About 50 years before Youngman uttered those famous words, a humorous photograpic broadside made a similiar joke, "Hang Your Wife!"
I have had a difficult time pinpointing the exact date of this broadside, but based on content, I'd estimate 1875-1880.
July 29, 2012
In 1881*, William Hall Walker manufactured and sold a small wooden camera for the amateur market called, Walker's Pocket Camera. It's a historically important camera because it was built with interchangeable parts and was one of the first amateur camera outfits sold at a very low price. Lowering the cost of camera manufacturing was a key step in which George Eastman would soon exploit and take full advantage of. Eastman's primary goal was to offer, simple, inexpensive cameras to the masses in order to sell them highly profitable roll film. To that end, Walker joined Eastman in 1884 and would go on to have a long, albeit tumultuous, career with Eastman. In fact, Walker became fabulously wealthy as one of Kodak's largest shareholders when he passed away in 1917.
It appears that Walker's camera was brought to market in the Spring of 1882 (despite Eastman House stating 1881) and by 1883, Walker sold his business to what would become the Rochester Optical Company. Given the limited time this camera was on the market and the fact that only a handful of these cameras are known to exist in collections (I know of 4), sales must have relatively small. At least two versions are known, one which features a cherry wood finish and the other a black or ebony finish.
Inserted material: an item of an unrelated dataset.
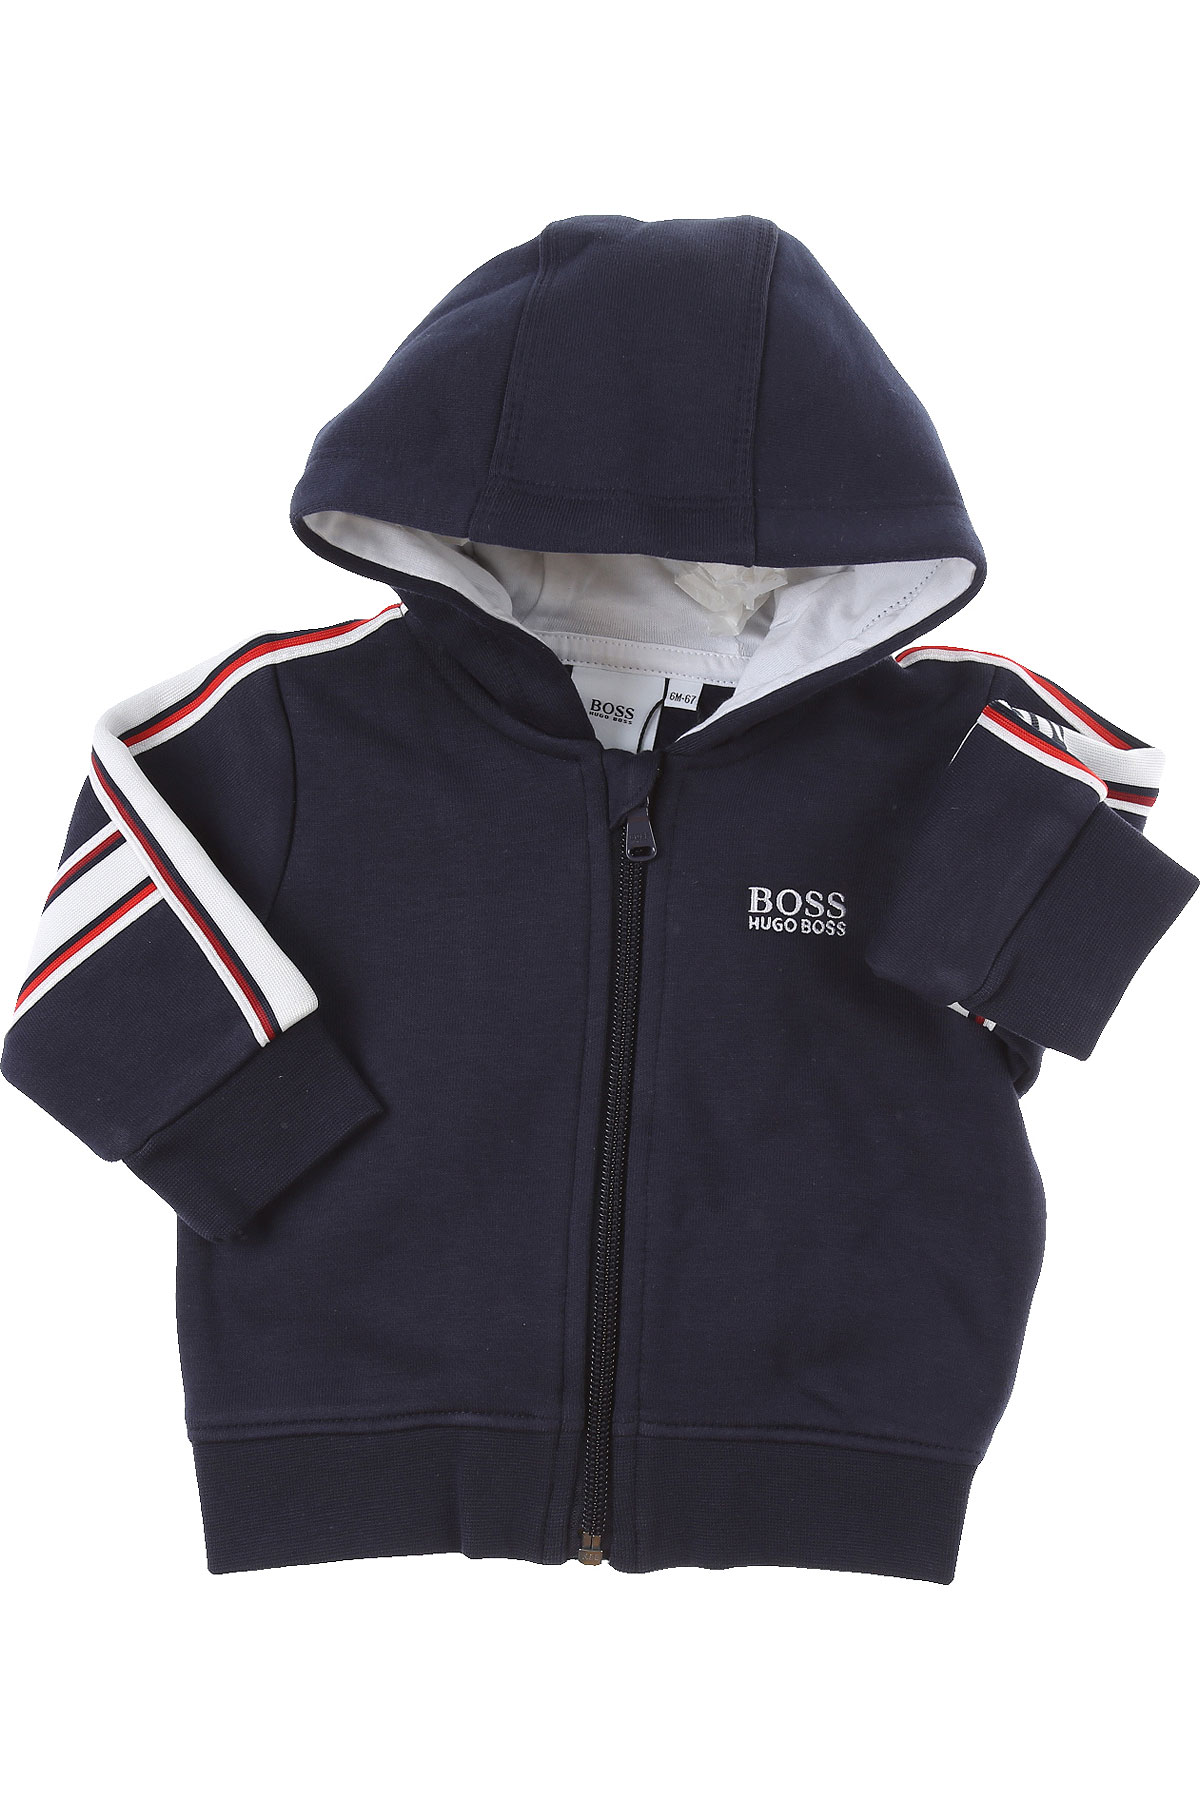 Hugo Boss Baby Sweatshirt & Kapuzenpullover für Jungen Günstig im Sale, Blau, Baumwolle, 2017, 12 M 18M 2Y 3Y 6M 9M

For the last 20 years, I've kept an eye open for an example of Walker's Pocket Camera with no luck. However, a couple of years ago I stumbled across an image on eBay that actually featured a young man with Walker's Pocket Camera on the original tripod supplied as part of the outfit. I imagine finding an image of such a rare camera would be just about as rare as finding the camera itself. The image, taken by the well known photographer, F.J. Haynes, is shown below.
*The camera wouldn't receive its patent approval until 1882, but the camera was first built in 1881.
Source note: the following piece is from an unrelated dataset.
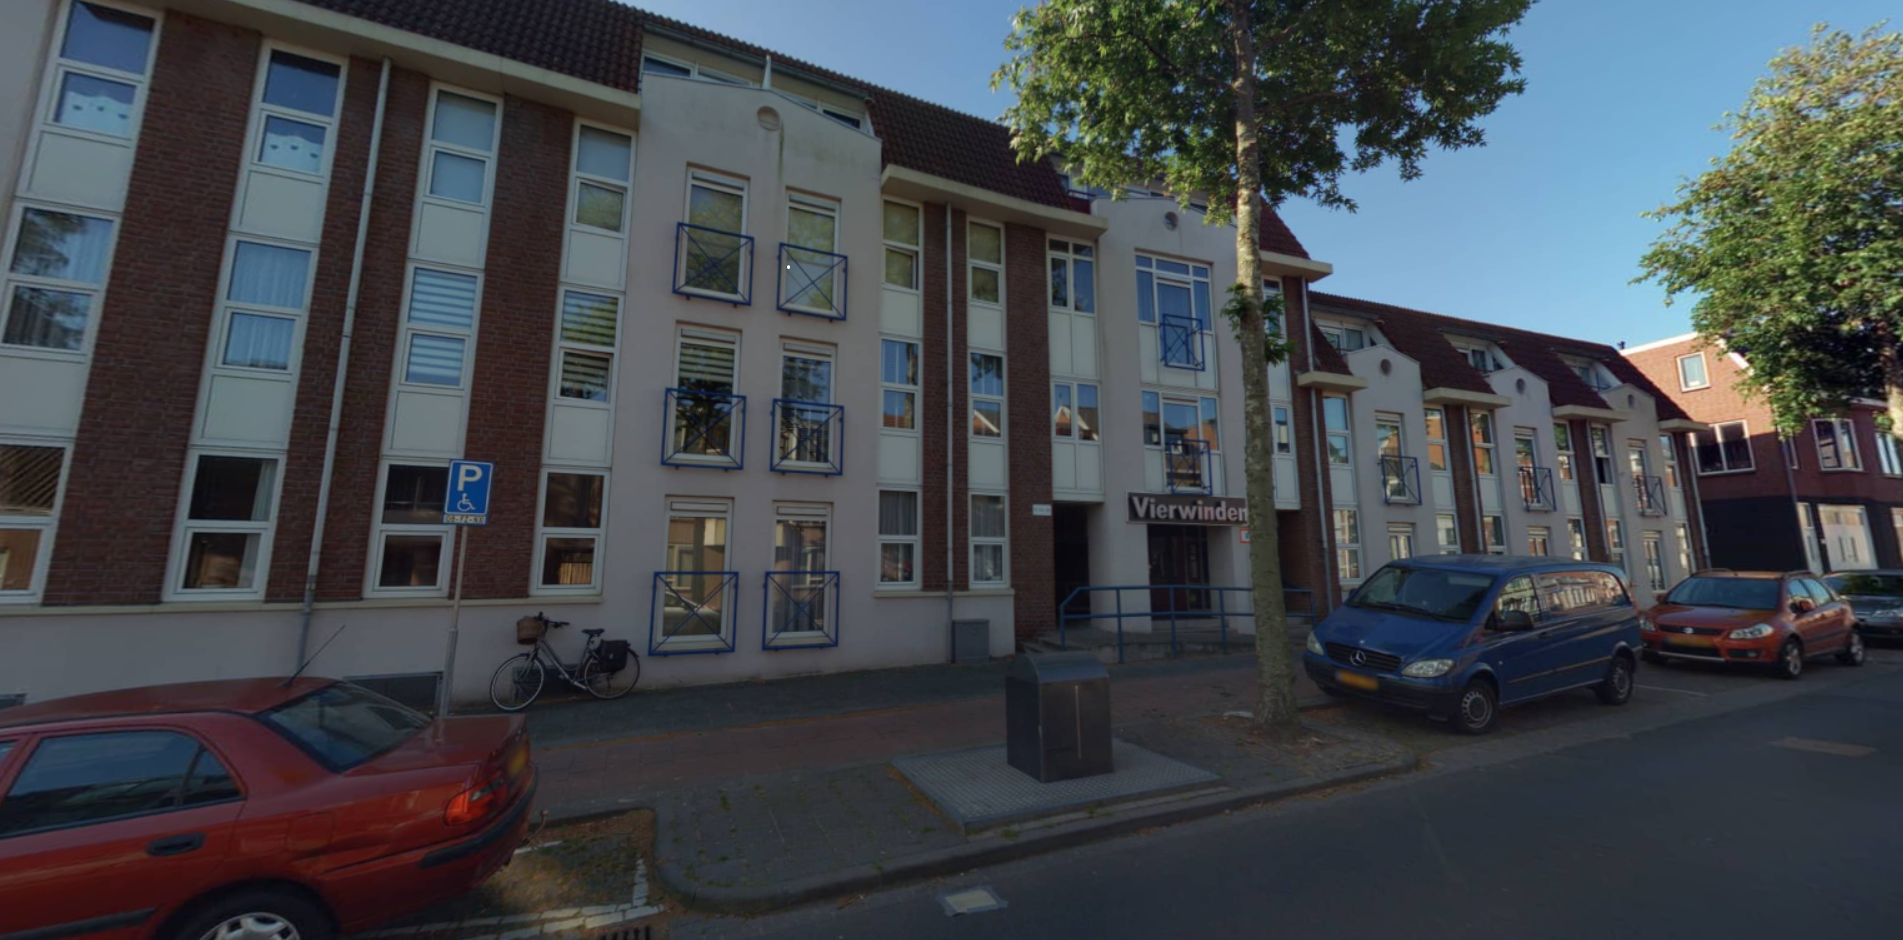 Van Dedemstraat 27, 4611 BD Bergen op Zoom, Nederland

Image Copyright AntiqueCameras.net
Image Copyright AntiqueCameras.net
Image Courtesy of George Eastman House - Click to go to GEH site
Click to see the entire patent
Click to see the entire patent
While much has been written about Walker's life after joining Eastman's firm, very little has been written about his upbringing. However, with the immense library of books Google has put online, I was able to locate a nice biography of Walker which provides some fascinating details of his early life.
From Stevens Indicator, A Quarterly Journal of Mechanical Engineering, Volume 33, 1916:
"STEVENS is under a heavy debt of gratitude to William Hall Walker. At a time when the campaign for the Stevens Tech Fund to free the college from debt and provide needed endowment and equipment seemed most discouraging, Mr. Walker stepped into the breach with a donation of $100,000 that put new life into the campaign and made the ultimate success of the Fund a matter of history.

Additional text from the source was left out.